In recognition of his research contributions, Professor Tzoganakis has received the following prestigious awards: (i) Syncrude Canada Innovation Award from the Canadian Society for Chemical Engineering (CSChE) in 2000, (ii) Heinz List Award from the Extrusion Division of the Society of Plastics Engineers (SPE) in 2015, (iii) Heinz Hermann Award from the Extrusion Division of the Society of Plastics Engineers (SPE) in 2018, (iv) James L. White Innovation Award from the Polymer processing Society (PPS) in 2018, and (v) En-Hui Yang Engineering Research Innovation Award, University of Waterloo in 2022. Professor Tzoganakis is a Fellow of the Canadian Institute of Canada (CIC), a Fellow of the Canadian Academy of Engineering (CAE) and a Fellow of the Society of Plastics Engineers (SPE).

• Reactive Extrusion of Polymers
• Extrusion of Polymers with Supercritical CO2
• Devulcanization of Recycled Rubber with Supercritical Carbon Dioxide
• Plastics and Rubber Nanocomposites
• Bio-based Sustainable Polymers and Coatings
• Analysis and On-line Monitoring of Polymer Compounding Operations
• Polymer Rheology
• Mathematical Modeling and Numerical Simulation of Polymer Processing Operations

• 1989, Doctorate, Chemical Engineering, McMaster University, Canada
• 1983, Dipl.
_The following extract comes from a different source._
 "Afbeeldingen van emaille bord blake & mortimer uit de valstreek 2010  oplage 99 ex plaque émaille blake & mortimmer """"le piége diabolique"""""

Eng., Chemical Engineering, Aristotle University, Greece

• 2000 CSChE Syncrude Canada Innovation Award
• 2001 Fellow of the Chemical Institute of Canada (CIC)
• 2015 Heinz List Award - In recognition of outstanding achievements in polymer devolatilization and reactive processing- Extrusion Division of the Society of Plastics Engineers (SPE)
• 2016 Fellow of the Society of Plastics Engineers (SPE)
• 2018 Heinz Hermann Award - In recognition of significant contributions to the advancement of twin-screw extrusion technology - Extrusion Division of the Society of Plastics Engineers (SPE)
• 2018 James L. White Innovation Award from the Polymer Processing Society (PPS) - The award is for an innovative development in the field of polymer processing technologies with recent commercial impact. It aims to recognize originality, innovation and creativity among researcher(s) or inventor(s) in the science and technology of processing polymers and polymeric products
• 2022 En-Hui Yang Engineering Research Innovation Award, University of Waterloo
• 2024 Fellow of the Canadian Academy of Engineering (CAE)
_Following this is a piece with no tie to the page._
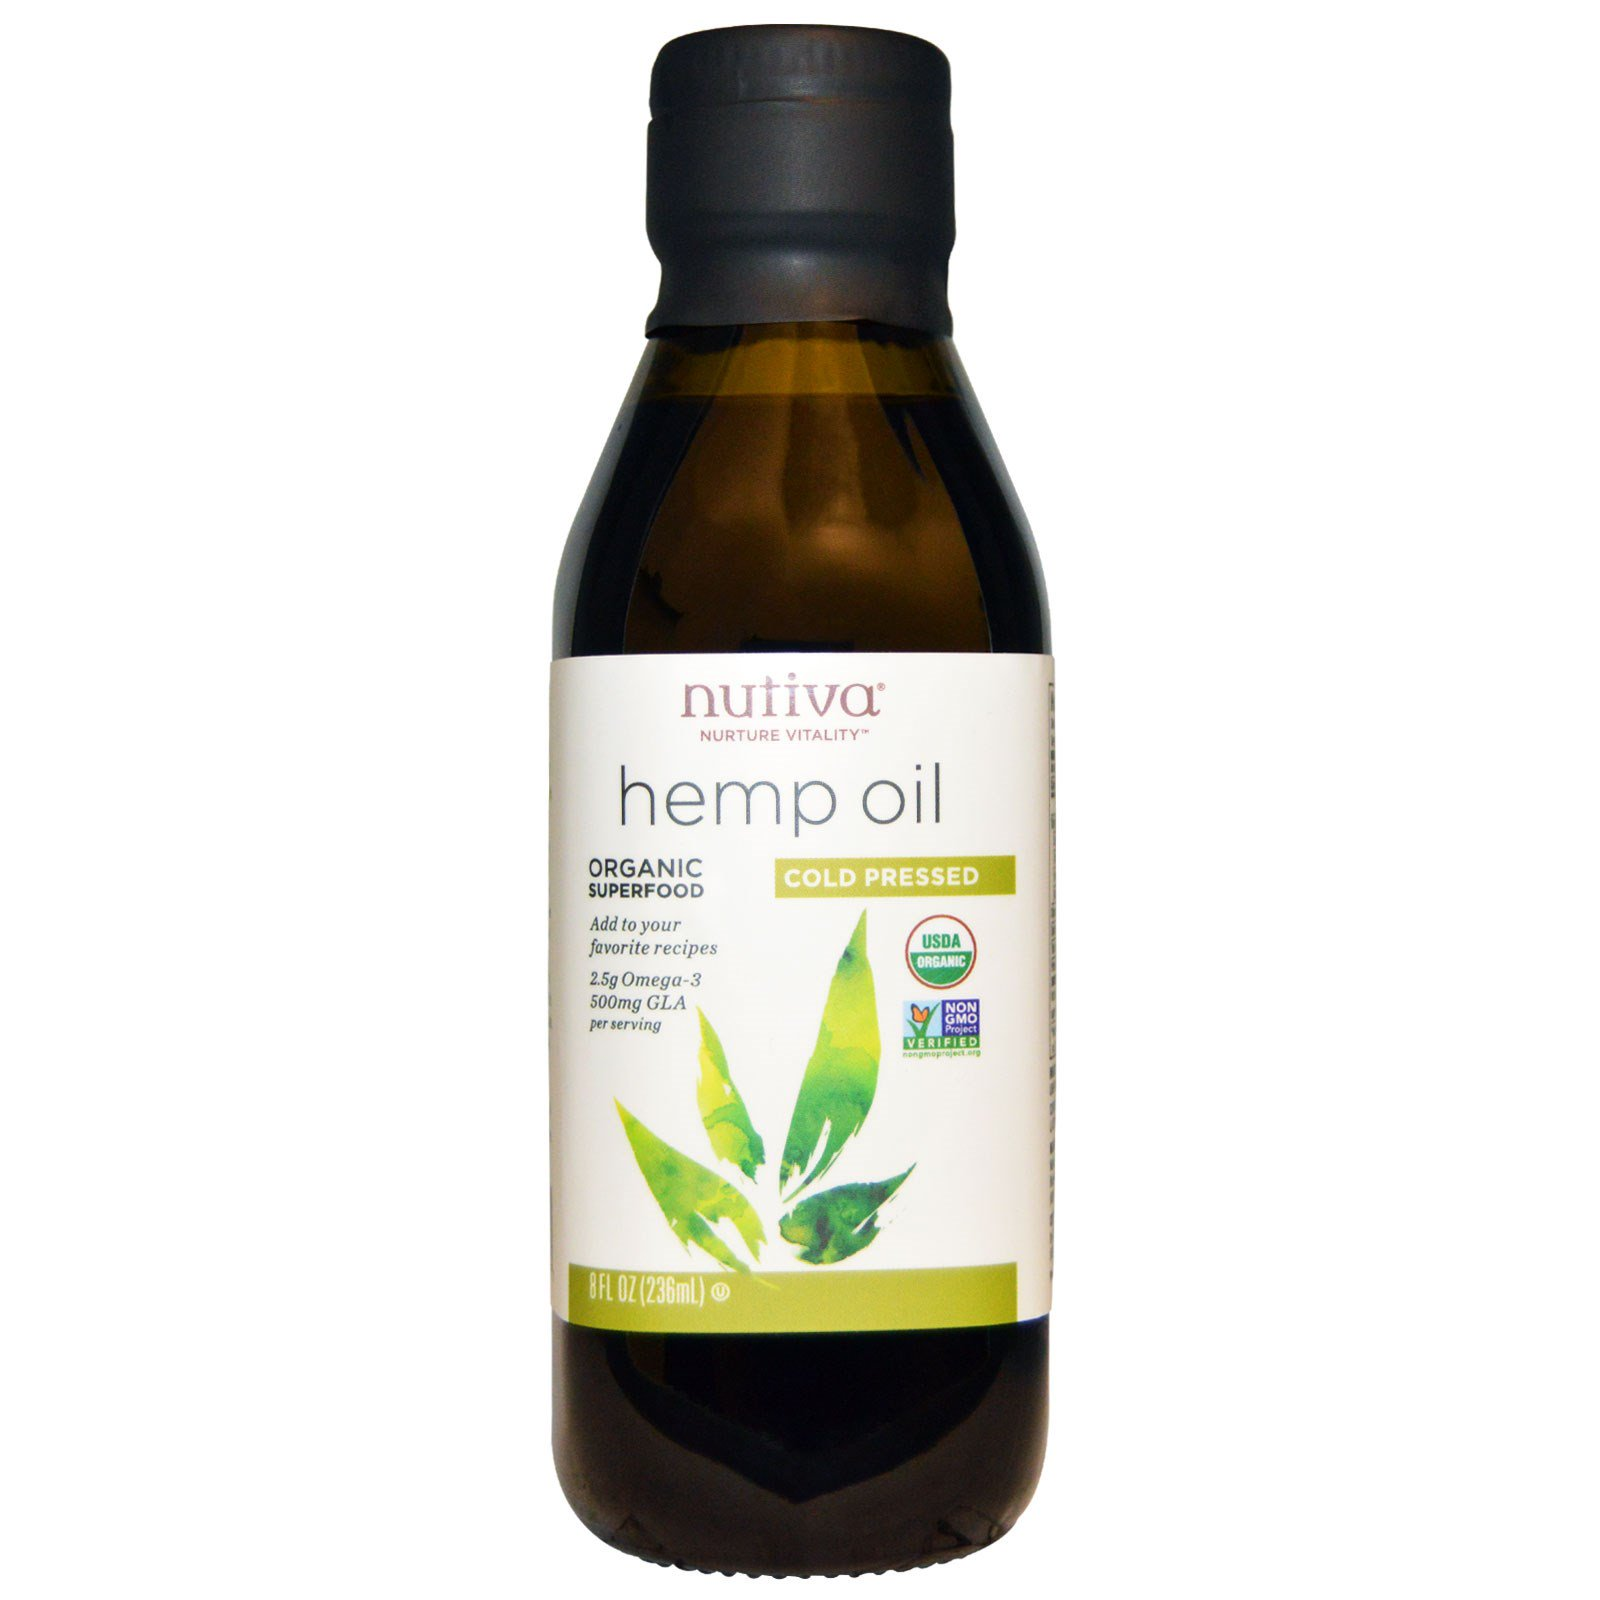 Nutiva Organic Hemp Oil Cold Pressed 8 Fl Oz 236 Ml Iherb

• CHE 211 - Fluid Mechanics
  • Taught in 2020, 2021, 2022, 2023, 2025
• CHE 231 - Physical Chemistry 2
  • Taught in 2022
• CHE 543 - Polymer Production: Polymer Reaction Engineering
  • Taught in 2020, 2021
• CHE 641 - Fundamentals of Polymer Processing Operations
  • Taught in 2020, 2021, 2022, 2024
• NE 333 - Macromolecular Science
  • Taught in 2025

* Only courses taught in the past 5 years are displayed.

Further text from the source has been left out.